More than 100 people watched as a special field gun was fired near Woodside Ferry Village in an event marking 50 years to the day that the original One O'Clock Gun was last fired.

Wirral Globe:

The large field gun in haze of smoke after being set off this afternoon. Picture: Craig Manning

Used in the Crimea War, the orginal gun was triggered from what was then Bidston Observatory in 1867.

It continued to be used for decades until modern timekeeping equipment made it unnecessary and was last fired on July 18, 1969.

Among those attending today's 50th anniversary commemoration was Syvlia Asquith, 89, from Upton, a former scientific officer (pictured, below) who was in charge of the meteorological team at Bidston Observatory and was last person to fire the gun on July 18, 1969.

Wirral Globe:

Wirral Globe:

Sylvia (pictured with member of 103 Regiment Royal artillery) told the Globe: "It was nice to see so many people interested in the gun and remembering that people used to set their watches by it.

"It was a really good time piece when you heard the One O'Clock Gun.

"Now it is a happy memory.

"It would to be lovely to hear the gun go off again."
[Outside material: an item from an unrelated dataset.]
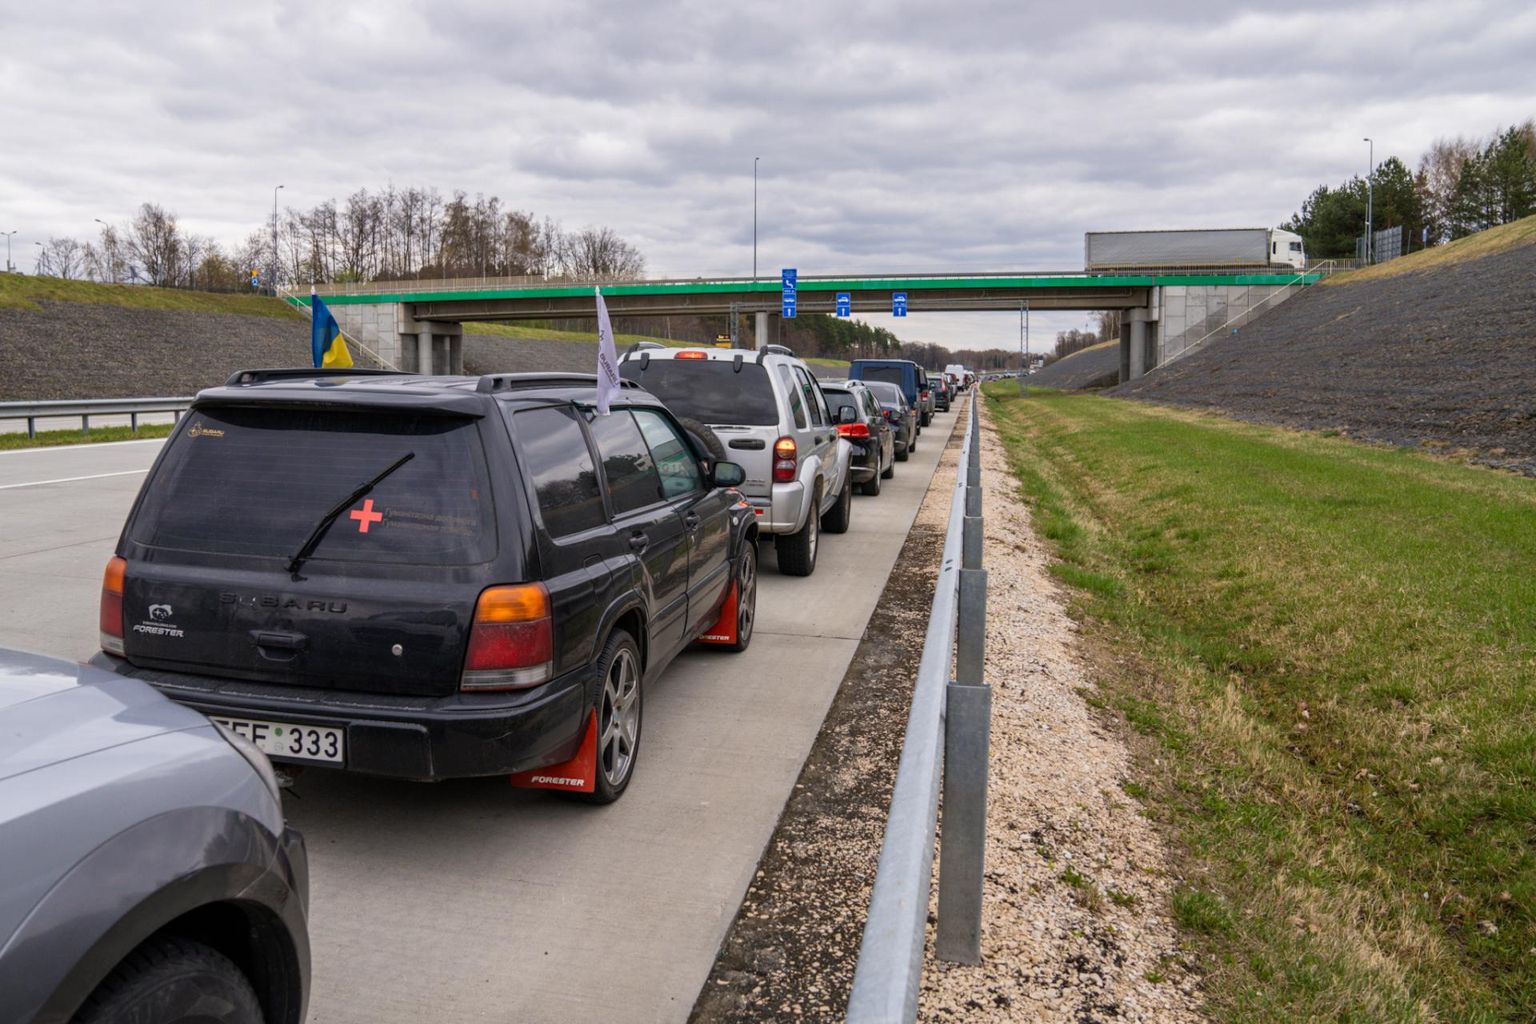 Korczowa valico di frontiera in Polonia verso l'Ucraina.

The cannon now stands on the quayside at Merseyside Maritime Museum in Liverpool, although its emplacement remains with a replica cannon.

Wirral Globe:

Members of 103 Regiment Royal Artillery stand by the field gun (picture: Craig Manning)
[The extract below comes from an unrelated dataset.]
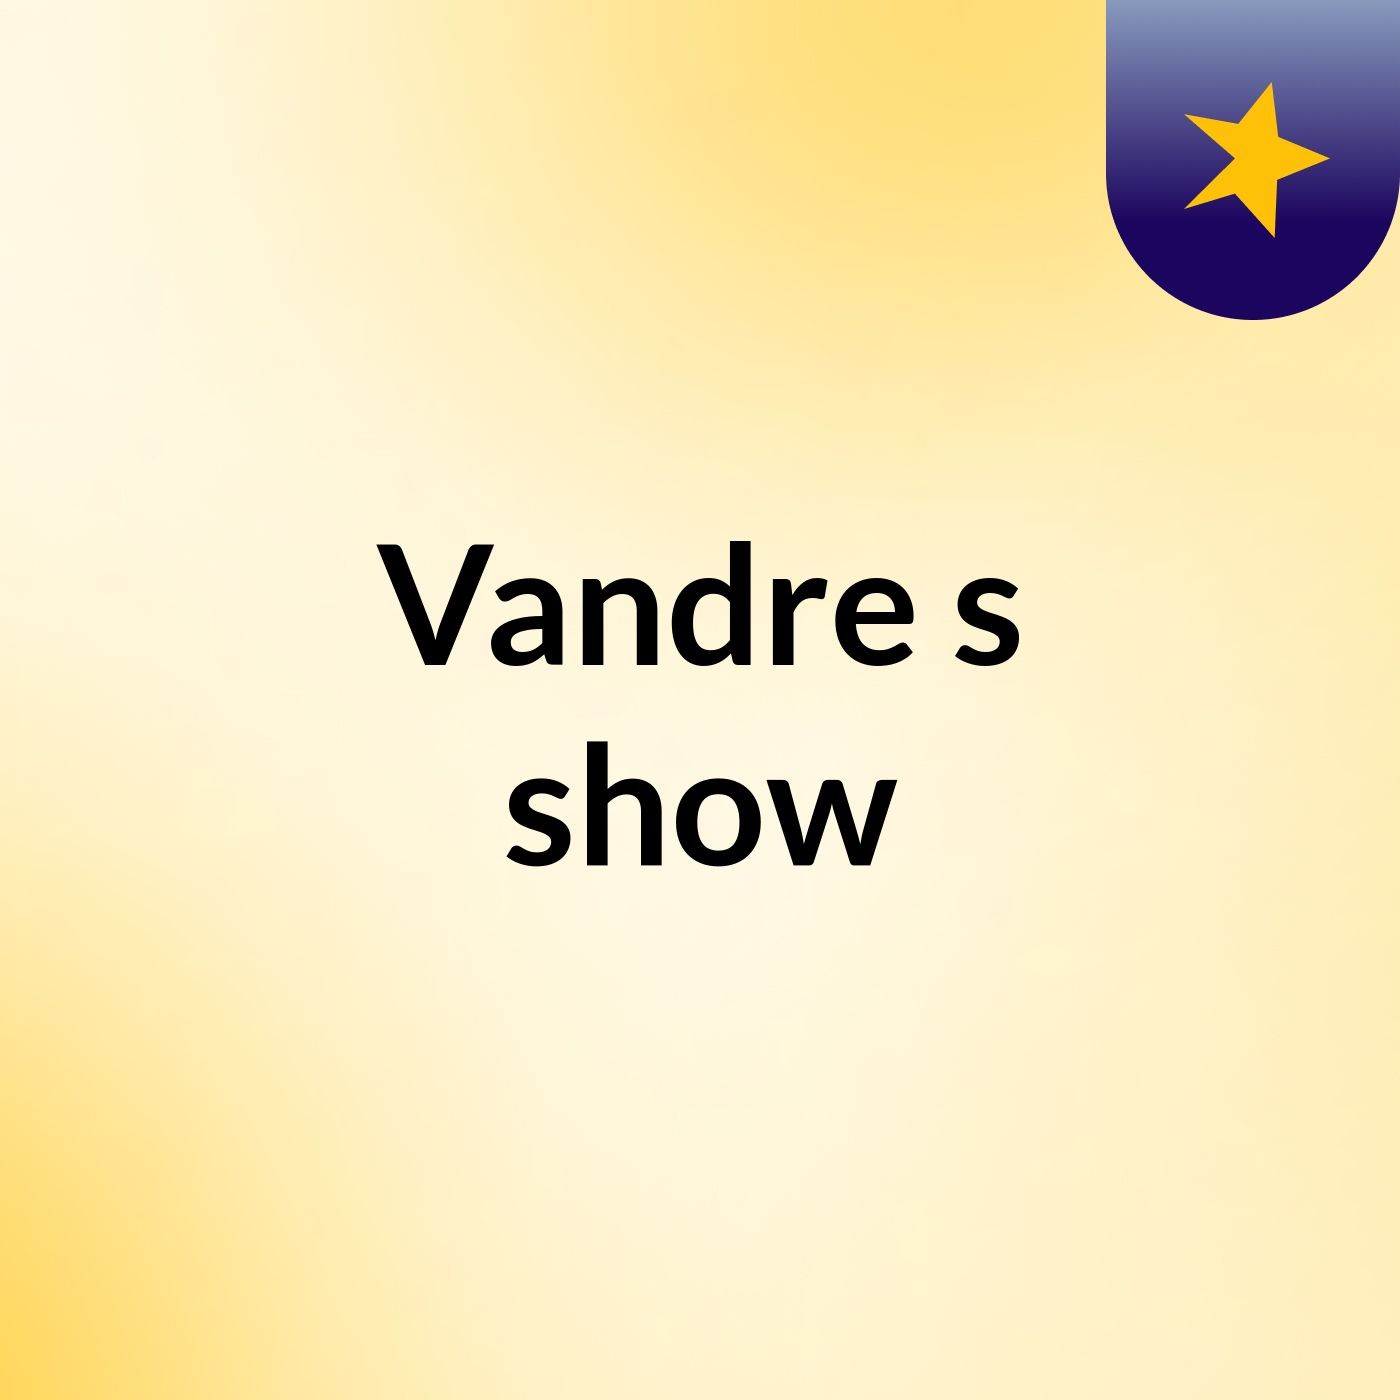 Vandre's show

It follows a campaign by former seafarer Russ Mundy to see the cannon, which used to be fired daily to allow ships chronometers, people and businesses within the port to set their timepieces accurately, fired once again.

Mr Mundy, 74, a retired marine surveyor from Rock Ferry now living in Oxton, told the Globe: "We worked at the campaign for two years. It was a labour of love but, consequently it came to fruition, I'm pleased to say.

"I'm ex-merchant navy and ex-Royal Navy reserve and became a marine surveyor, Lloyds agent out of Liverpool so have always been involved with the sea.

"I'm so pleased to hear the One O'Clock Gun go off today and to have met Sylvia, who was last person to fire the gun in 1969; it really is the icing on the cake for me."

Wirral Globe:

Members of the public gather at Woodside Ferry Village to watch the commemorative firing

Reflecting on the gun's one-time influence on eveyday community life, Mr Mundy continued: "There are a lot of people who will remember this gun being fired every day.

"It played a significant part of people's day-to-day lives on both sides of the River.

"I felt that this tradition should be re-instated as there are many memories of hearing the sound of the One O'clock Gun being fired daily.

"During my school years, for example, the sound of the gun reverberated across the river from Morpeth Dock – we all knew we had to be back in school before the gun went off or we'd be in trouble."

Wirral Globe:

Members of 103 Regiment involved in today's 50th anniversary commemoration at Woodside.

Major John Young, of 103 Regiment Royal Artillery in Prescot, helped arrange the firing of the gun to mark the anniversary.

He told the Globe: "We were approached some time ago and asked if we could do something to commemorate the 50th point of 50th year.

"It's been quite emotional for some people and, certainly, for Sylvia, great to hear it again.

"The lads have done the Royal Regimental Artillery proud and it was quite a pleasure to fire the last round.

"It's good to commemorate and keep the army in the public eye, because we do a service."

Looking to the future, Major Young continued: "We could fire it annually, and I was speaking with Wirral Council about this a few weeks ago with the view to doing something, possibly to commemorate armed forces day once a year.

"We couldn't make a commitment to firing it daily, perhaps annually."